» **EXERCISE**
Would you please transcribe the data in full and exactly, excluding images?

» **PROVIDED MATERIAL**

══════════════════════════════

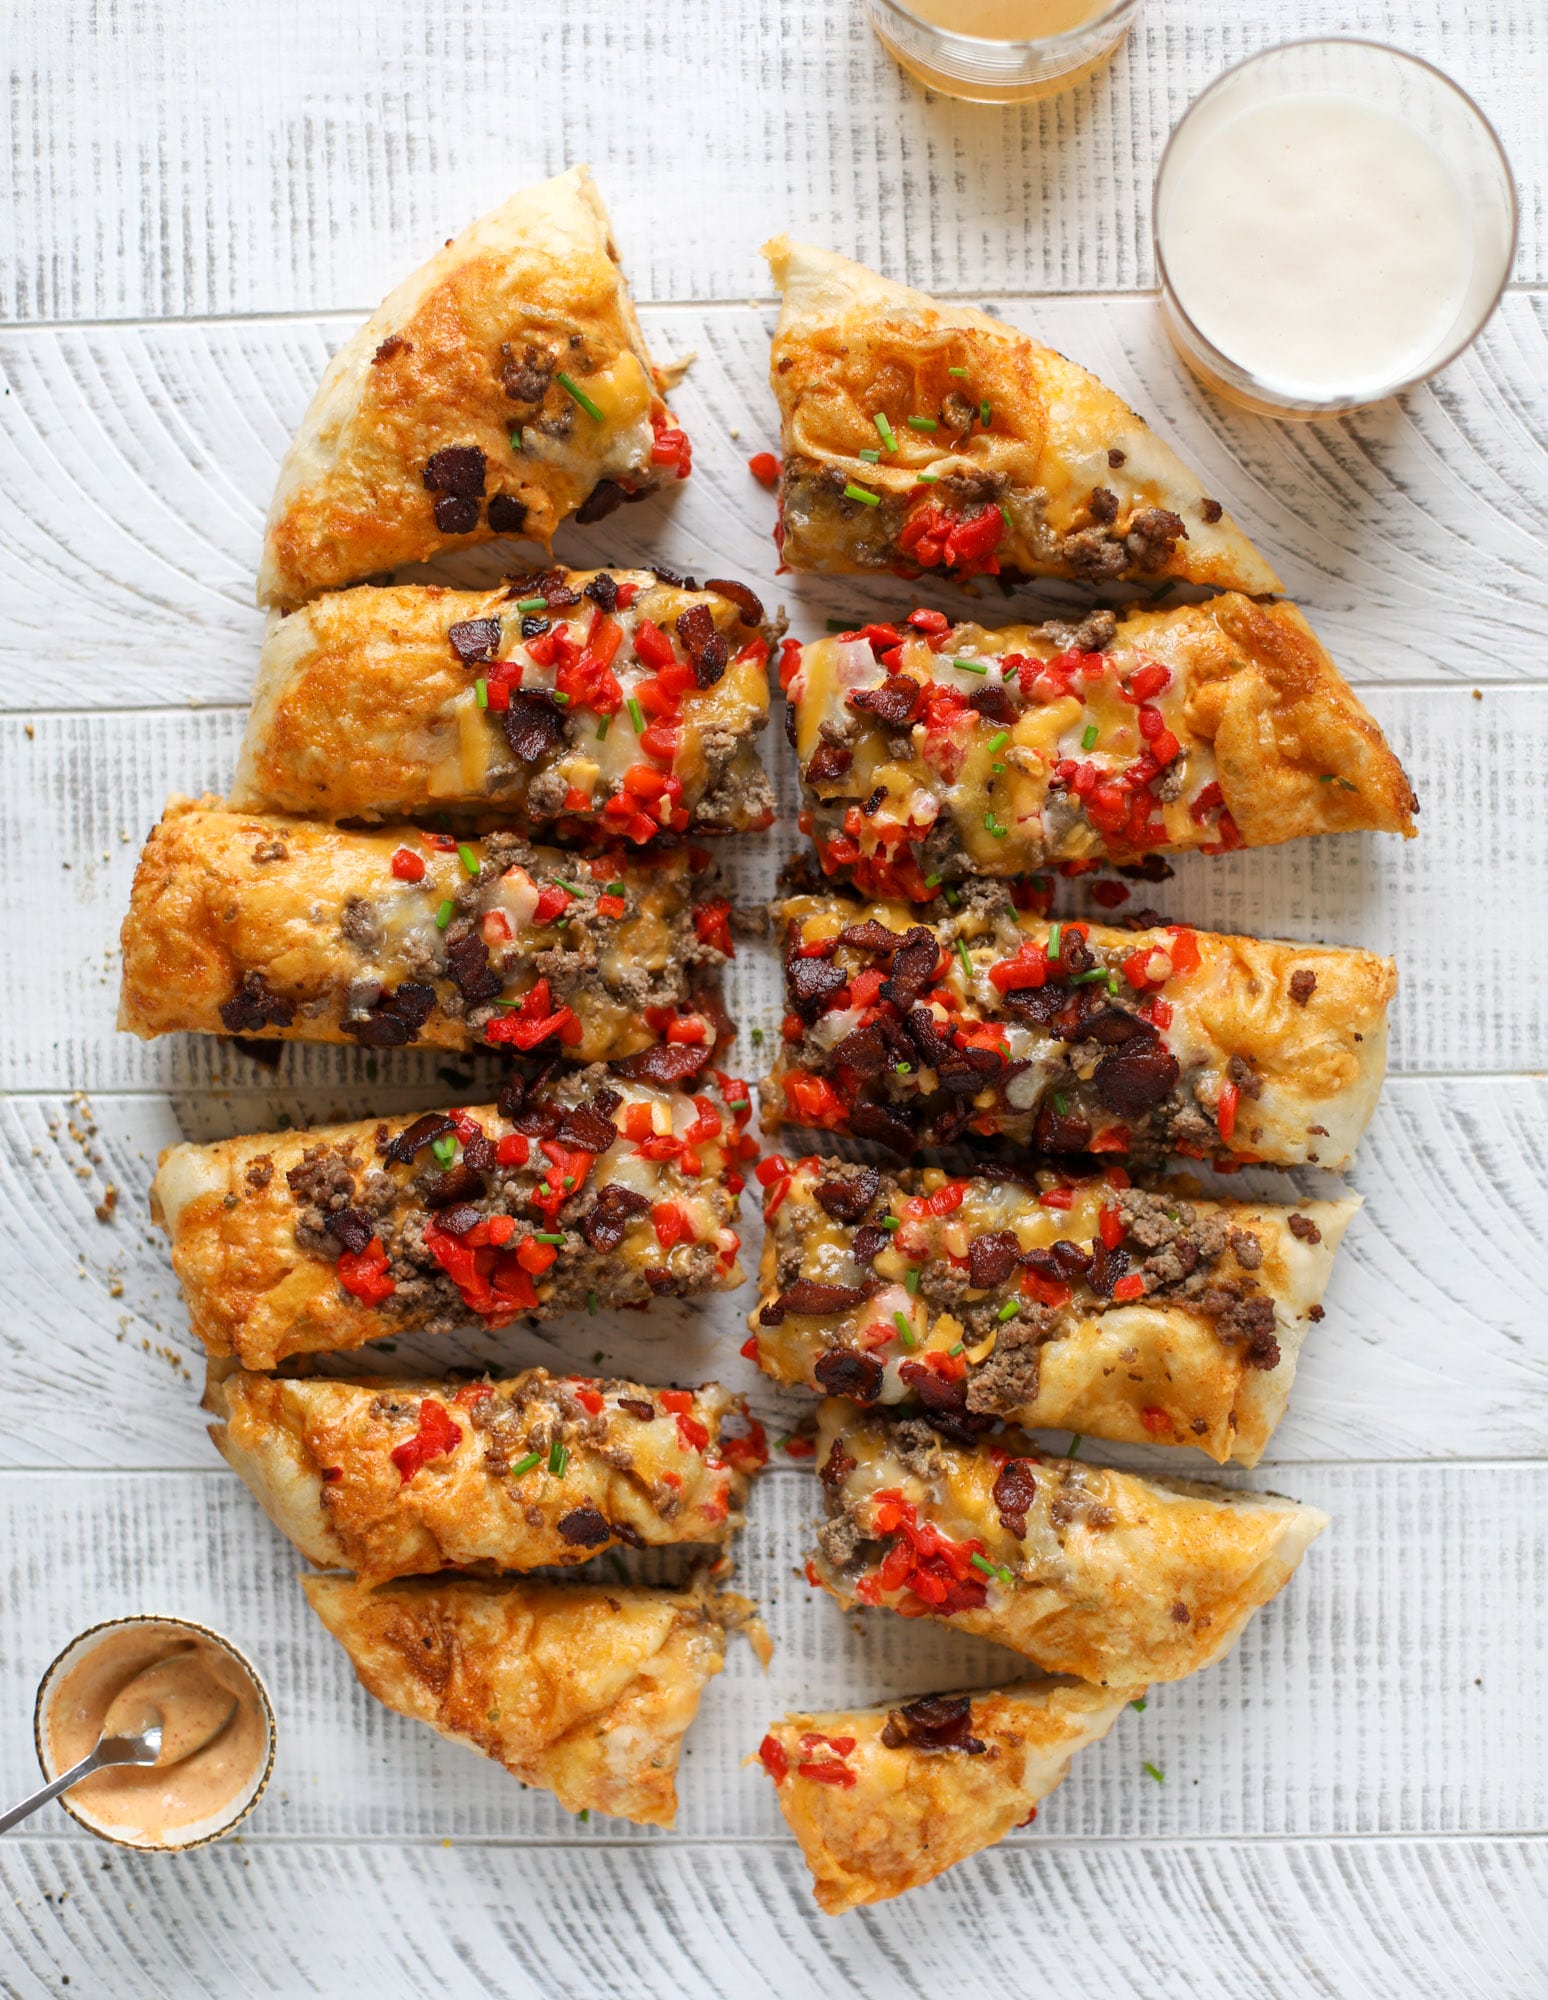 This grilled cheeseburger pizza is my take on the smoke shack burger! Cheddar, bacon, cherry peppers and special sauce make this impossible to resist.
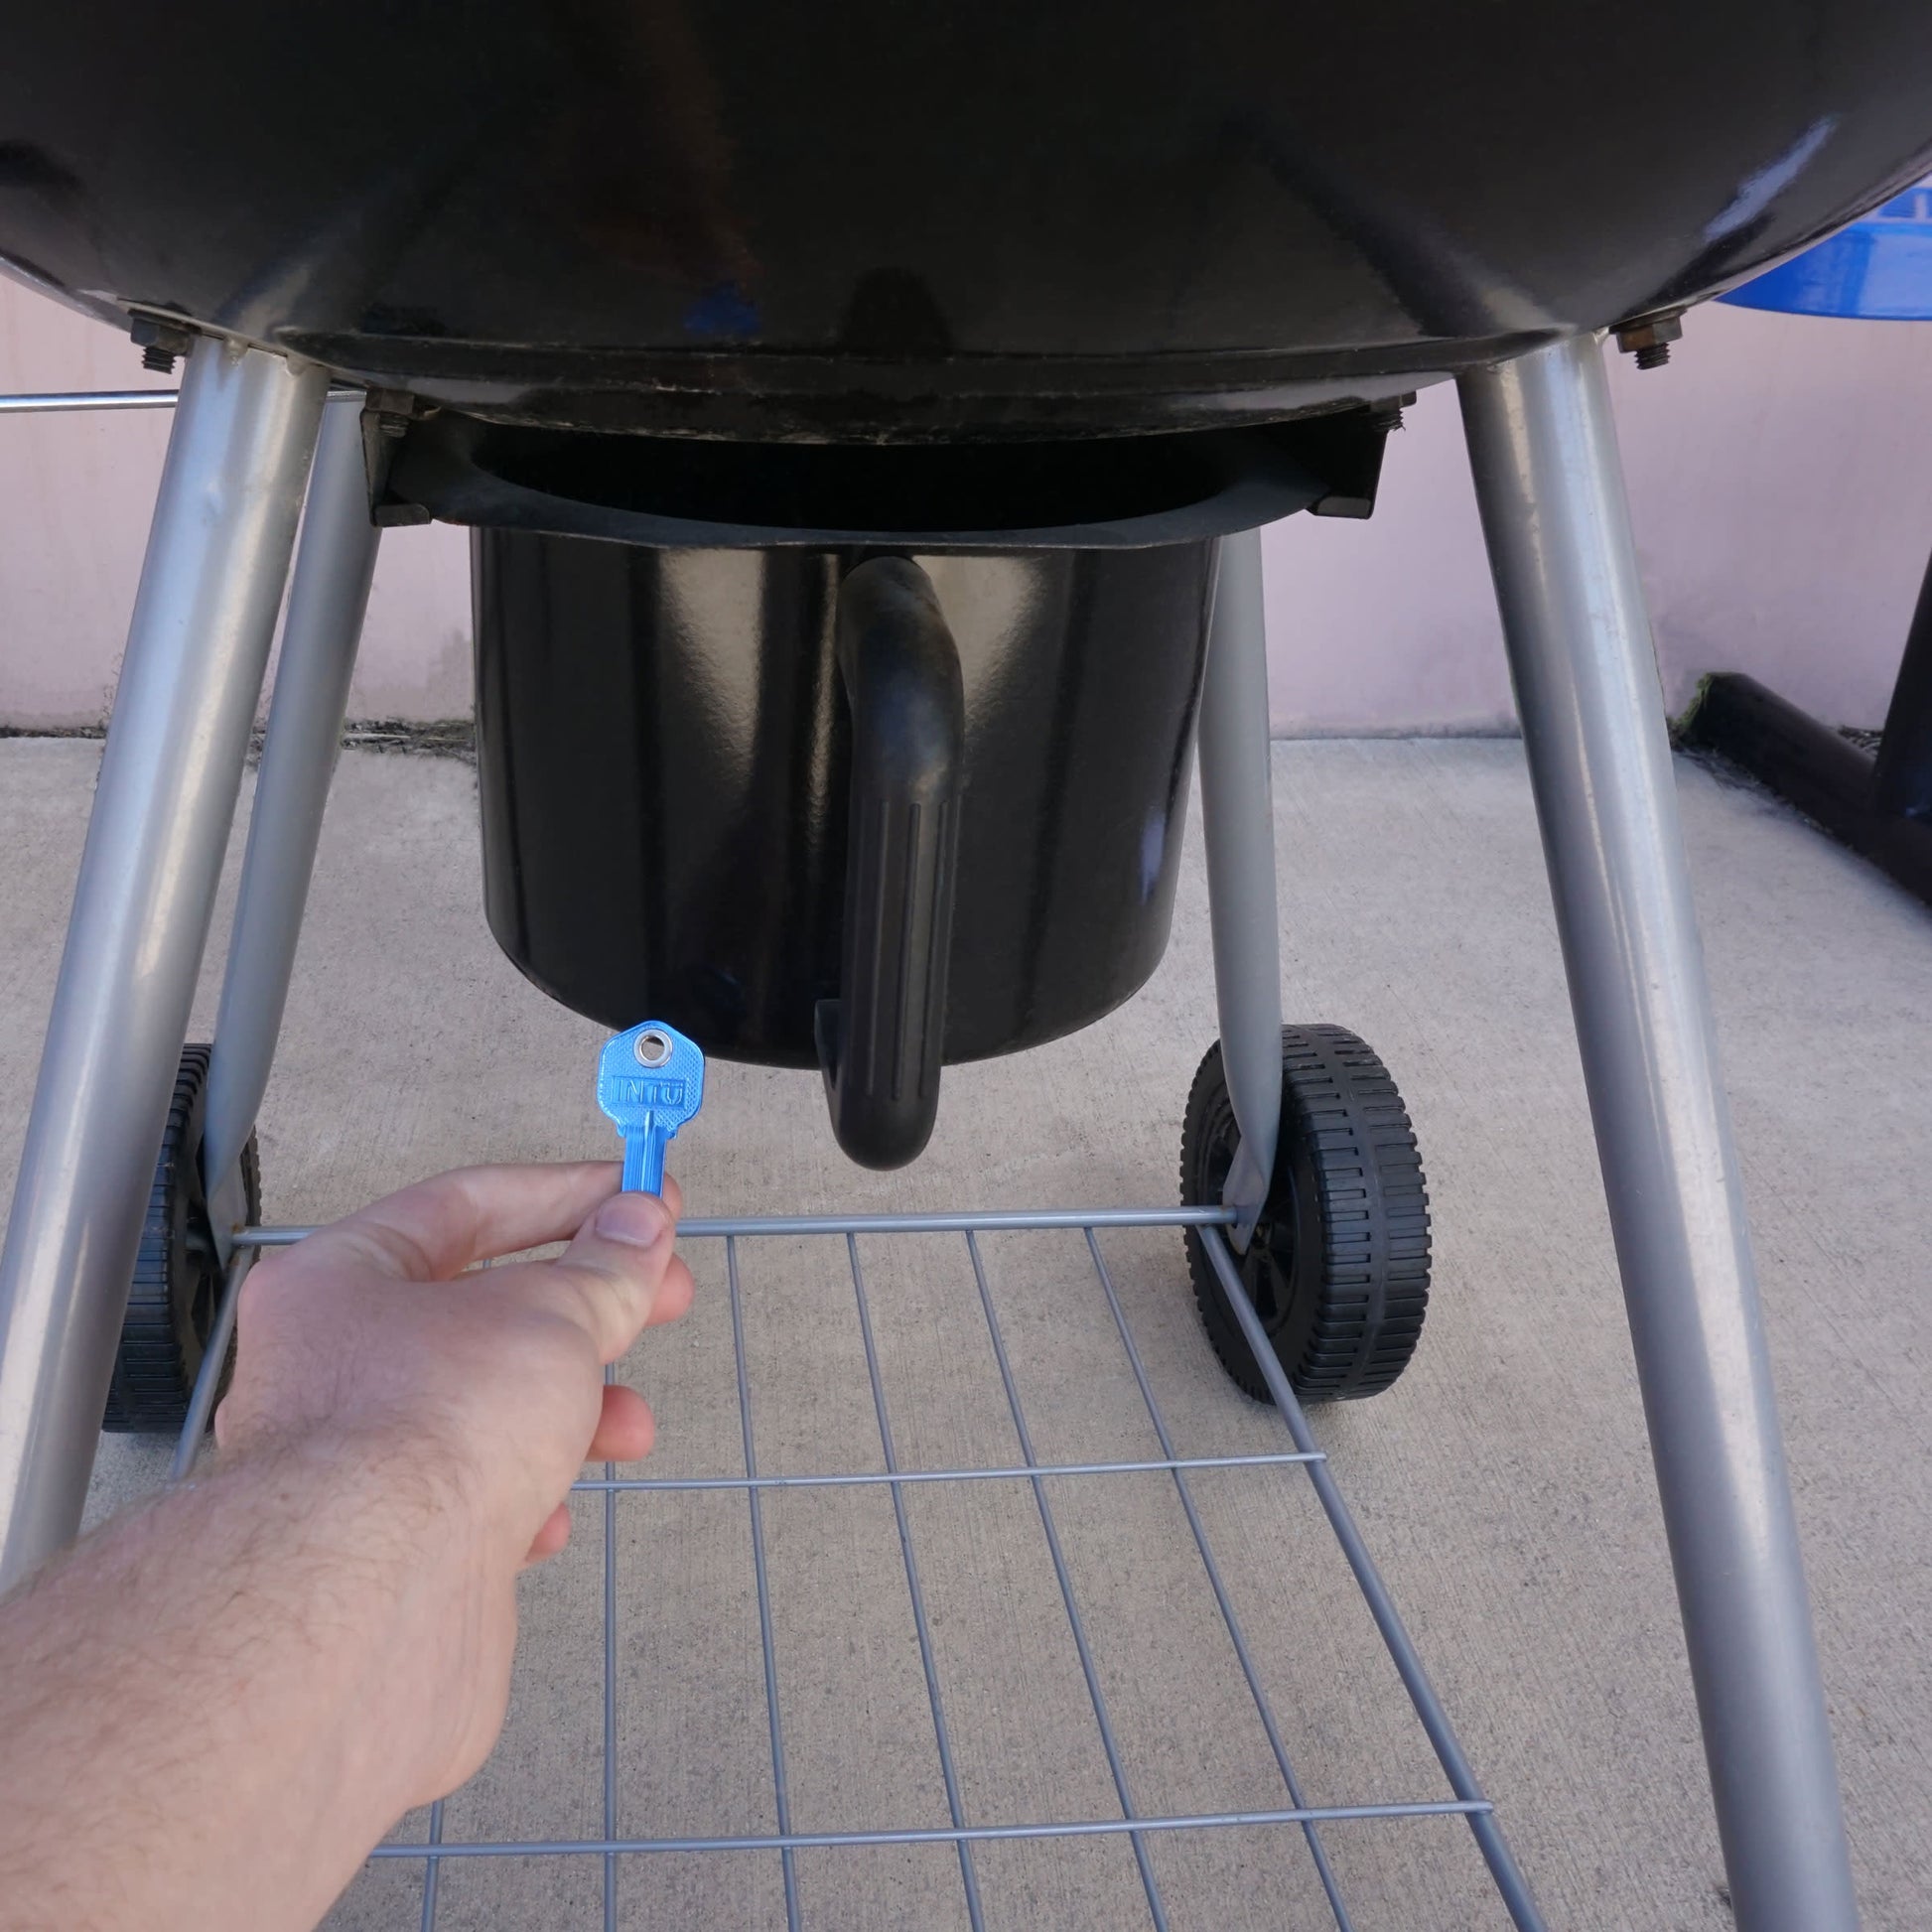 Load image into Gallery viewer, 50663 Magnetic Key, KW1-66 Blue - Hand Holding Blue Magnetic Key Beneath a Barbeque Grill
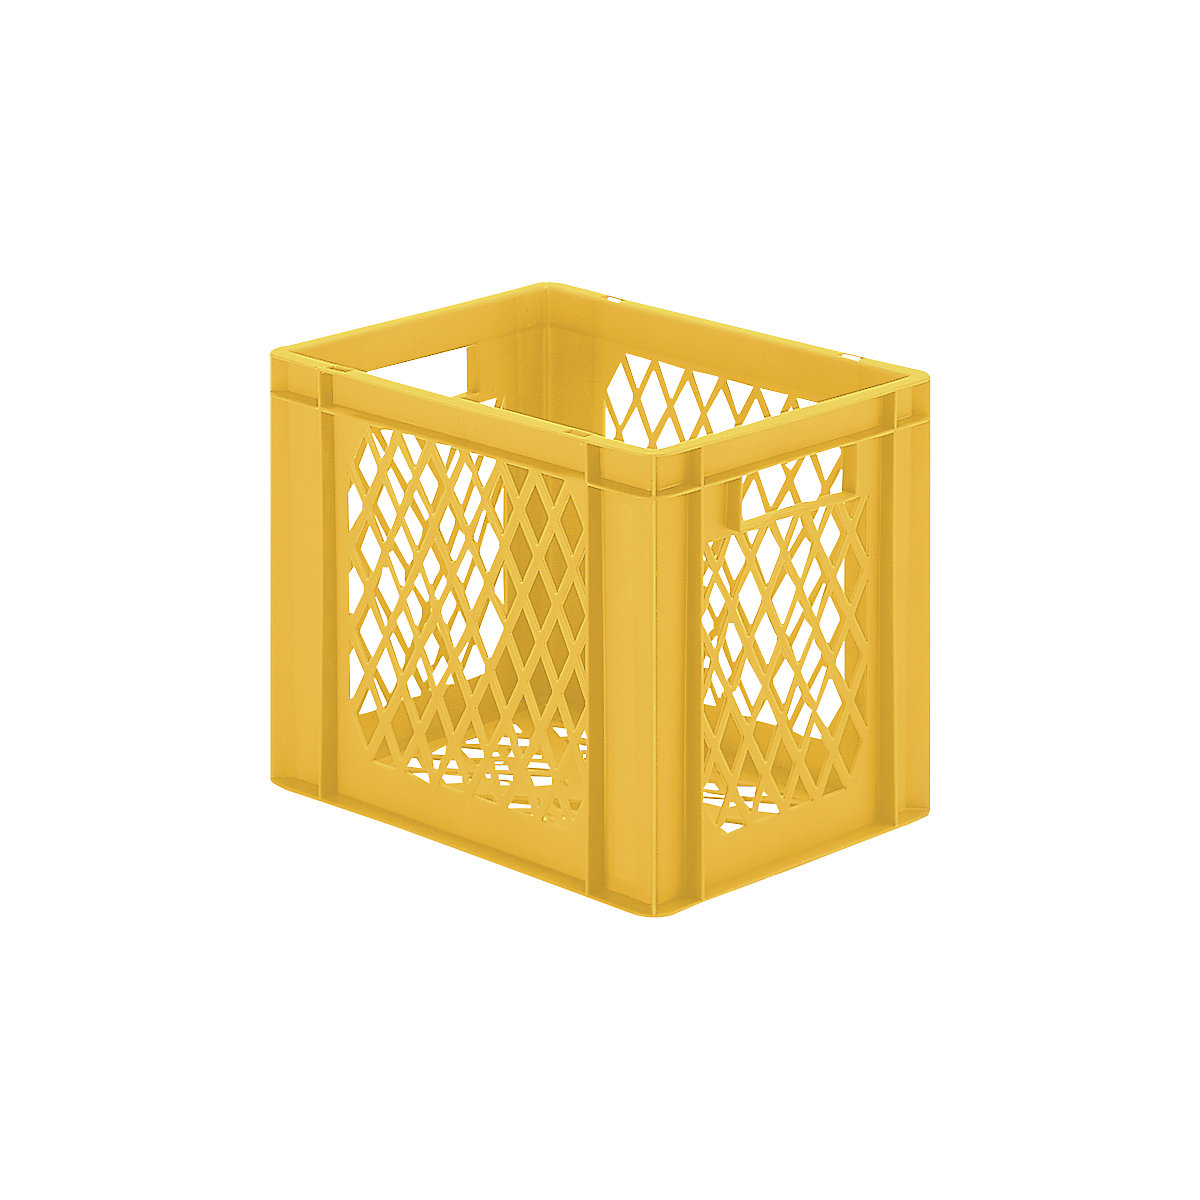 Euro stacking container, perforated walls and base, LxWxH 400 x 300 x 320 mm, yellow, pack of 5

══════════════════════════════

» **TASK SOLUTION**
 This grilled cheeseburger pizza is my take on the smoke shack burger! Cheddar, bacon, cherry peppers and special sauce make this impossible to resist.
 Load image into Gallery viewer, 50663 Magnetic Key, KW1-66 Blue - Hand Holding Blue Magnetic Key Beneath a Barbeque Grill
 Euro stacking container, perforated walls and base, LxWxH 400 x 300 x 320 mm, yellow, pack of 5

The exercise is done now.